At Gradient Labs, our AI agent interacts with the customers of financial services companies: high-reliability is non-negotiable. Suppose you get in touch with your bank about an important problem related to your money — there’s no excuse for your bank’s AI agent not to be able to reply!
Under the hood, we use a blend of different large language models (LLMs) to construct the highest quality answers. LLMs are therefore a critical dependency for our agent, and we need to be resilient to all kinds of failures or constraints in order to provide a reliable experience. This blog post goes into some detail about how we achieve that.
AI agents are a new paradigm
When building a server which handles a request, such as a mobile phone app calling a bank, the request might return within a few hundred milliseconds. Anything which fails on the path of the request would likely result in a retry of the entire request.

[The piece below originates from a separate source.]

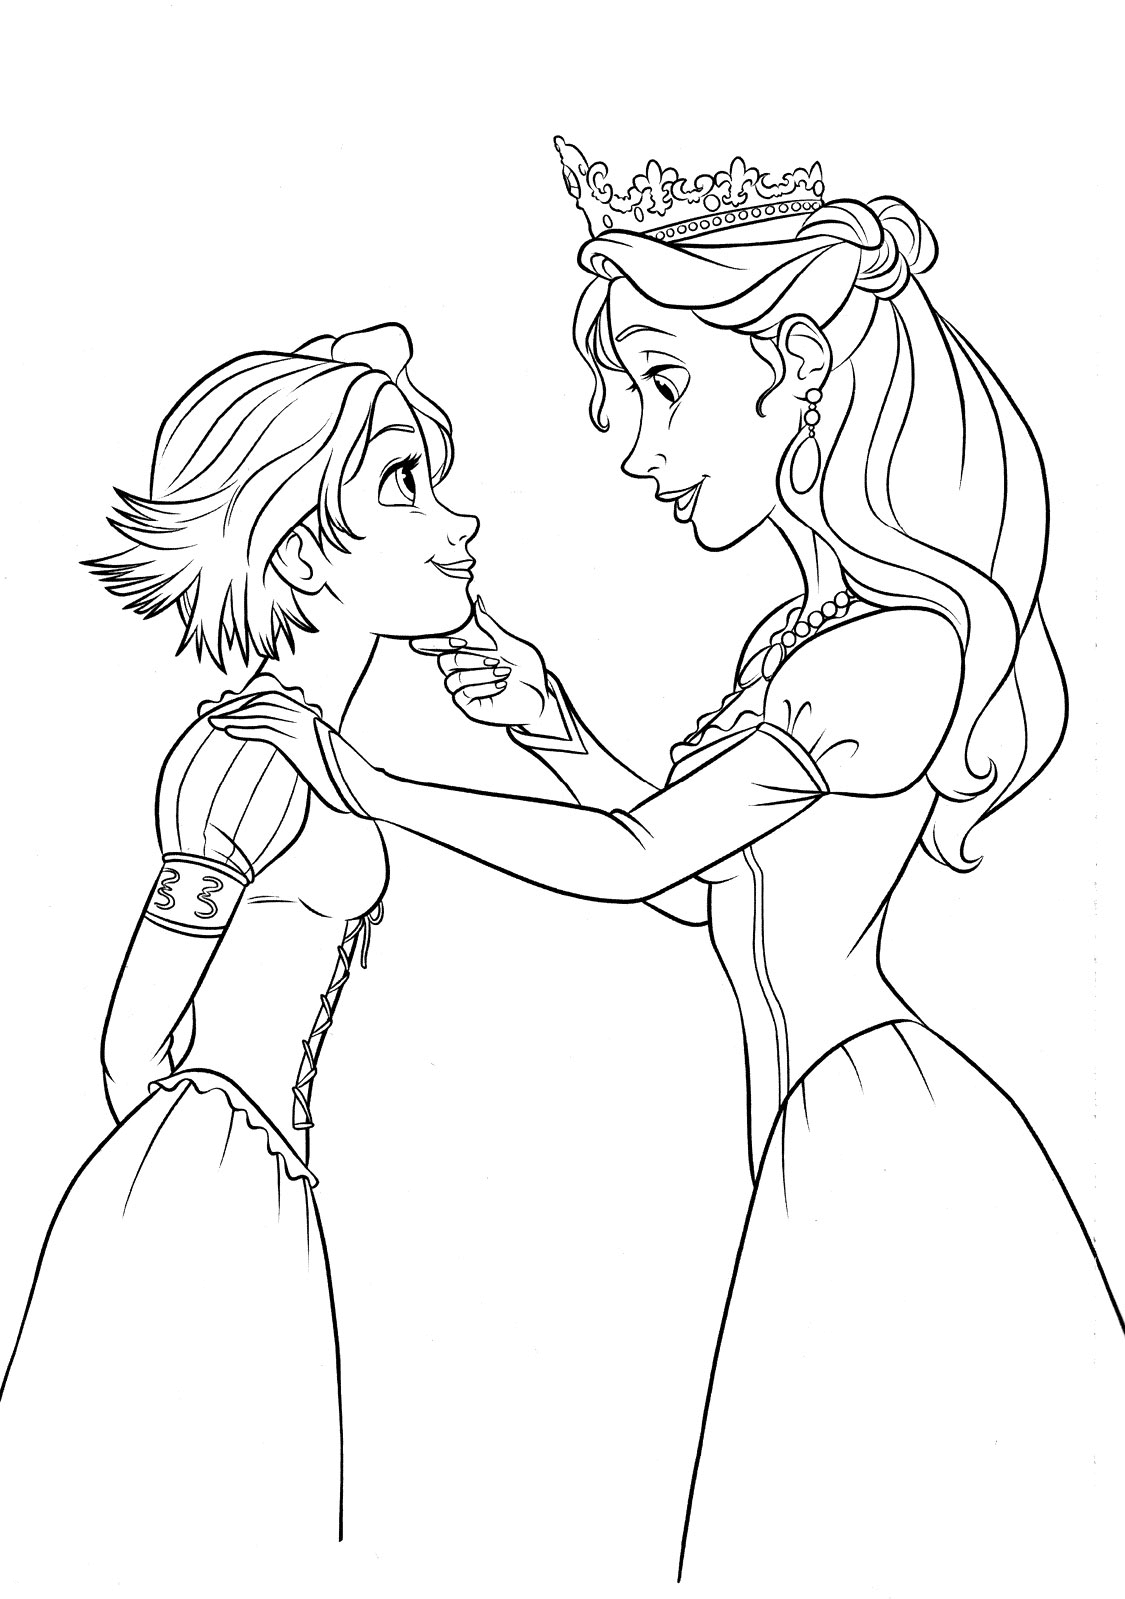 《长发公主》中的阿丽亚娜女王和长发公主

In agentic systems, where a single reply may be the result of a chain of LLM calls, requests can span much longer durations. Each LLM call costs both user-facing latency and money, so you don’t want a single failure in that chain to result in the entire request being retried:

One way to solve for this might be to manually write data to a database at the end of each call, to persist state that captures the progress of your agent. This way, you can always recover from a checkpoint upon failure—if the database write succeeded. Another way might be to implement `@retry`
logic at every step of your agent, which means solving for retry logic while trying to implement the AI agent. At Gradient Labs, we use Temporal, a durable execution system, that provides us with a way to effectively checkpoint progress out of the box.

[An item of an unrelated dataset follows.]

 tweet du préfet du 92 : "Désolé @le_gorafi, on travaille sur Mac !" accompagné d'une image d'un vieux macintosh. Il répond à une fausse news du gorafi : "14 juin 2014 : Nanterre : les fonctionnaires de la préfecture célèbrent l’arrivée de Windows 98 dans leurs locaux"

Failing over across providers
The earliest design choices we made at Gradient Labs favoured an architecture that enables us to experiment with, evaluate, and adopt the best LLMs for each part of our agent. Right now, we use three major groups of models — from OpenAI, Anthropic and Google. Each of these groups of models are hosted in multiple places, giving us the ability to fail over from one place to another:

We take advantage of this to both (a) spread traffic across providers, to increase utilisation of per-provider rate-limits, and (b) fail over from one provider to another when we encounter certain errors, rate limits or latency spikes.
In our platform, each completion request starts with an ordered list of API provider preferences. For example, if we’re making a request for GPT 4.1, we might have the preference ordering: (1) OpenAI, (2) Azure. We can configure these preferences on both a global and a per-company basis, and we can also assign them proportionally to how we want to split traffic across the two. If we encounter certain types of errors, then we failover to the next provider.
The nuance of a failover system is: when is it right to fail over? We currently handle four broad categories:
Successful, invalid responses — for example, perhaps we asked the LLM to place its final decision inside
<decision>...</decision>
tags, but the generated response doesn’t include these. We do not need to fail over for these.Errors — LLM APIs, much like any other software provider, can return all sorts of errors. We’ll failover when we hit most 5XX errors.
Rate limits — LLM APIs impose different rate limits for each model. Increasing these limits, particularly for more recent or experimental models, is not an automated process. If we failover due to being rate limited, then we mark the API provider that we failed-over from as “unavailable” in our cache for a short while. This way, we don’t waste latency on subsequent requests on a resource that’s already over limits.
Latency — LLMs can be slow. This is expected to be variable across calls. But we need to look out for scenarios where they’re globally slower than expected—this is a symptom that something is wrong. We currently failover if the request exceeds a timeout in the p99+ percentile of latency.
Failing over across models
There are catastrophic, low-likelihood scenarios where the provider failover system is not enough. For example, in the extremely rare case that Google is down, our failovers for completions from Gemini would no longer work.
In these cases, we can also activate model failover: for each LLM API request, we can configure a different model to use in the event of failure.
The main challenge of a model failover is that prompts that work well with one model don’t necessarily work well with others. However, designing and evaluating multiple prompt-model pairs for components of our agent is already part of our development lifecycle. For several critical components of our system, we have tailored prompts for both the primary and backup models.
This has a two-fold benefit:
In the event that the entire model group’s providers are down, our customers are protected, and their customers continue to receive replies from our AI agent.
In the event that we get rate-limited for newer and more experimental models, we can failover to older models for which we have higher rate limits.
Always improving
We’re always thinking about ways in which we can improve our resiliency—here is can a recent example. We’re already protected against scenarios where individual LLM API requests takes too long, because we time out and failover to the next provider. This timeout is designed to catch abnormally long requests — typically in the p99 percentile of latency. What should happen if the entire latency distribution shifts?
We observed this with one of our providers:

In this case, the mean latency of a few models spiked, and the p75+ latency jumped to well over 10s. This increased the overall latency of our agent, but didn’t initiate our failover mechanism. Thankfully, through our latency-based alerts, we were able to identify this fairly quickly and manually invoke the failover mechanism. However, this points to an interesting idea — can we auto-failover when we observe abnormal shifts in the latency distribution?